Lepton asymmetry and primordial nucleosynthesis in the era of precision cosmology
Pasquale D. Serpico, Georg G. Raffelt
TL;DR
The paper addresses how a possible lepton asymmetry, parameterized by a common neutrino degeneracy parameter $\xi$ for all flavors, impacts primordial nucleosynthesis. It computes light-element abundances within the BBN framework with $\eta_B$ fixed by CMB data and $N_{\rm eff}$ set by neutrino physics, mapping the results to the helium yield $Y_p$. The helium yield is found to be the most sensitive probe of $\xi$, yielding bounds such as $-0.04 \lesssim \xi \lesssim 0.07$ or $\xi = 0.0245 \pm 0.0092$, with improved $\eta_B$ precision having little impact.
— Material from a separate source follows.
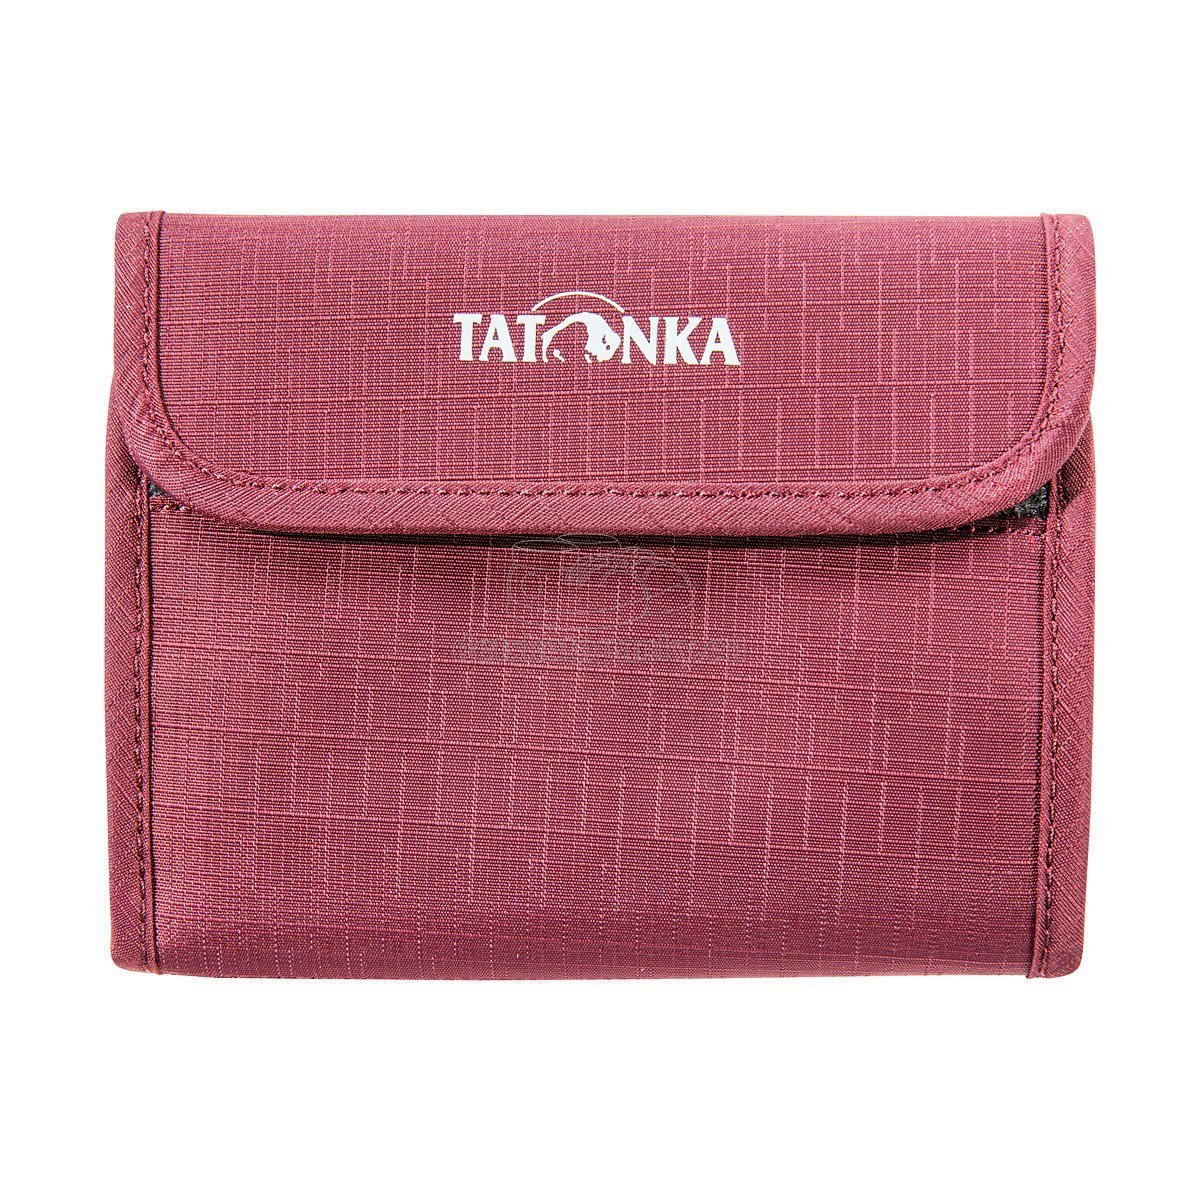 Tatonka Euro Wallet (bordeaux red)

A precise $Y_p$ measurement that distinguishes $\xi=0$ from $\xi\neq 0$ would test the cosmological standard assumption that sphaleron processes equilibrate the cosmic lepton and baryon asymmetries, providing a crucial probe of potential new physics.
Abstract
We calculate and display the primordial light-element abundances as a function of a neutrino degeneracy parameter ξcommon to all flavors. It is the only unknown parameter characterizing the thermal medium at the primordial nucleosynthesis epoch. The observed primordial helium abundance Y_p is the most sensitive cosmic ``leptometer.'' Adopting the conservative Y_p error analysis of Olive and Skillman implies -0.04 \alt ξ\alt 0.07 whereas the errors stated by Izotov and Thuan imply ξ=0.0245+-0.0092 (1 sigma). Improved determinations of the baryon abundance have no significant impact on this situation. A determination of Y_p that reliably distinguishes between a vanishing or nonvanishing ξis a crucial test of the cosmological standard assumption that sphaleron effects equilibrate the cosmic lepton and baryon asymmetries.